Lots of great tools are available to help you evaluate and manage performance.
When looking at performance issues, I tend to group them into the following categories:
- CPU bound
- Memory bound
- Disk access
- Network
- Process monitoring
This article looks at some of the popular tools available to gather information. Based on that information, you can then implement performance-related changes if required.
Please note: When considering performance tuning, you are strongly advised to gather evidence of the performance loss or examine the area in which you want to make gains before making tuning changes.
Always note any changes you make so that you can back out if the change you made has caused more issues or has not improved performance. Also, be aware of the "little picture" syndrome; it's no good trying to improve, say, disk operations if you have a slow network. The users will notice little difference.

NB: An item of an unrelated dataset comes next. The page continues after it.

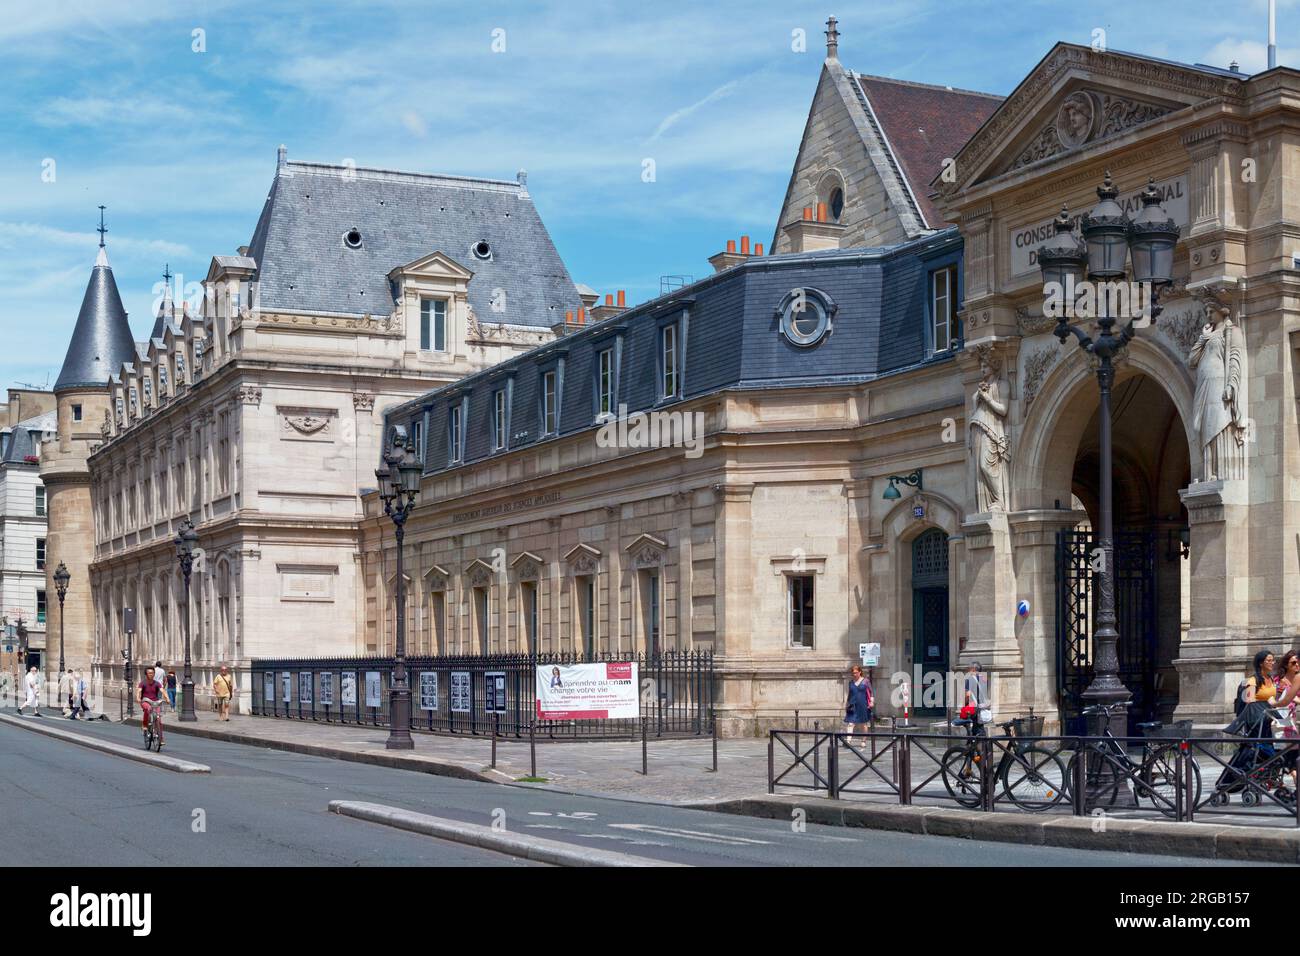 Paris, France - juillet 17 2017 : le Conservatoire national des arts et métiers (CNAM ; Conservatoire national des arts et métiers) est un doctorat-GRA Banque D'Images

In this article, I will try to be generic when using the tools and thus not specific to certain applications; this helps broaden scope of the article. Let's look at the most common tools that are available to show or gather system performance-related information.
Nmon
Without a doubt (in my opinion), the best tool to gather or record system information is nmon. Nmon comes with additional tools for presentation. Particularly helpful is the spreadsheet converter, which presents the metrics data in graphical format on your PC using Excel or some other similar spreadsheet product. Download nmon here.
Nmon is typically run from AIX's cron scheduler and commonly runs through a 24-hour cycle. This approach allows the systems administrator to go back in time and view the graphical charts. Nmon will report on the following:
- CPU
- Memory
- Network
- File systems
- Disks
- Top-running processes
- Paging spaces
- LPARS
- Summaries
An example of one of the many reports nmon generates is shown in Figure 1, nmon_cpu. This report shows the CPU usages and the applications/processes that were running during a specific time span. The interval for this demonstration represents the nightly batch processing window. We can see that, between 10:00 p.m. (22:00) and midnight (24:00), CPU usage peaked.

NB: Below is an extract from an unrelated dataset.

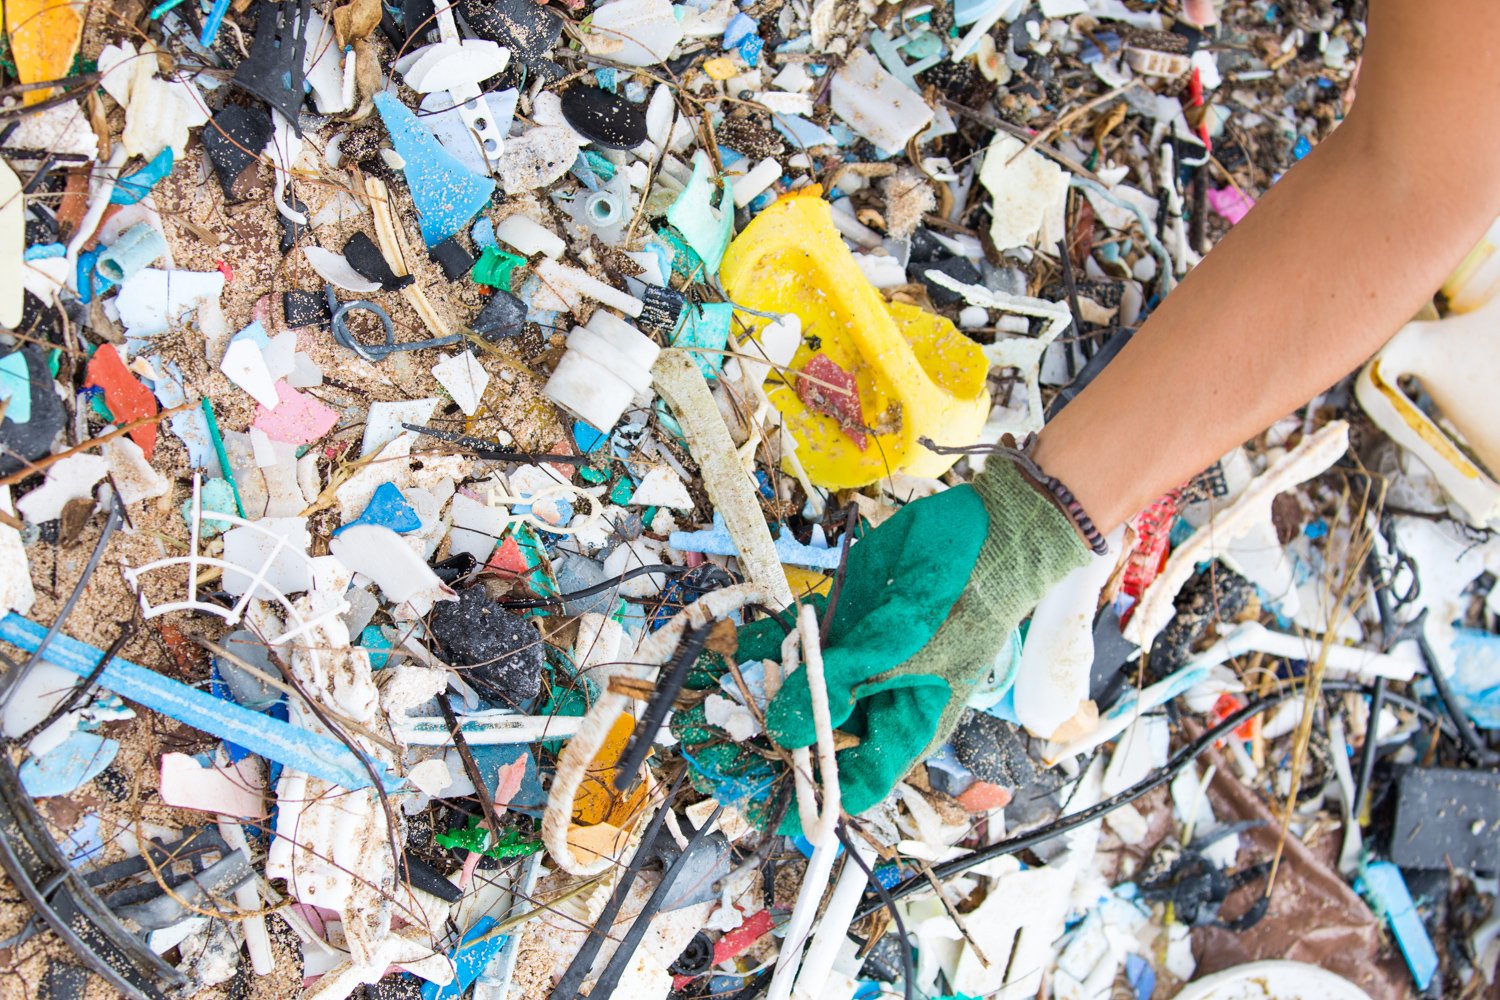 Kahuku Point Plastic pollution

Figure 1: The nmon_cpu report shows CPU usage. (Click images to enlarge.)
To run nmon for a 24-hour cycle (well, nearly 24 hours), you need to know the format of the cycles. It is best to have each daily capture be just short of 24 hours in order to avoid overlap of performance information from one day to the next. The most common parameters are these:
- -f means output to spreadsheet format
- -t includes top-running processors
- -s is interval in seconds
- -c is the number of counts between intervals
- -m is the destination directory for the output file, which would be in the format <hostname<date>.nmon
To run for nearly 24 hours (in this demonstration, it's 23.75 hours), I could use the following:
- -s would be 900 (900 seconds = 15 minutes)
- -c would be 95 counts
Using the above numbers, we come up with 23.75 hours, like so:
15 mins * 95 / 60 = 23.75 hours
So, the following crontab entry would generate a daily 24-hour system report. Cron will execute this every day at 9:00 a.m. (09:00).
00 09 * * * /usr/bin/nmon -f -t -s 900 -c 95 -m /opt/dump/nmon
Topas
The tool that will generally be the first port of call for any system admins when experiencing performance issues is topas. Though topas can record and graph, it's more commonly used in real-time mode to see what's happening on the system at a particular point in time. Topas will show everything you need to know to make a quick decision on where the impact is. To navigate through the different real-time reports, be sure to read the man page. Most operations are carried out using keystrokes from the keyboard. Topas will report on these issues:
- Memory
- Paging space
- NFS
- CPU
- Network
- LPARS
- Workloads
- Disks
- Processors using resources
Figure 2 shows a topas screenshot. In this example, it's displaying in real time the top processes that are using the paging space. Displaying this screen is accomplished by hitting : P on the keyboard and then using the arrow keys to move to the PAGESPACE column. To highlight top CPU processors, use the arrow key to move to the CPU% column.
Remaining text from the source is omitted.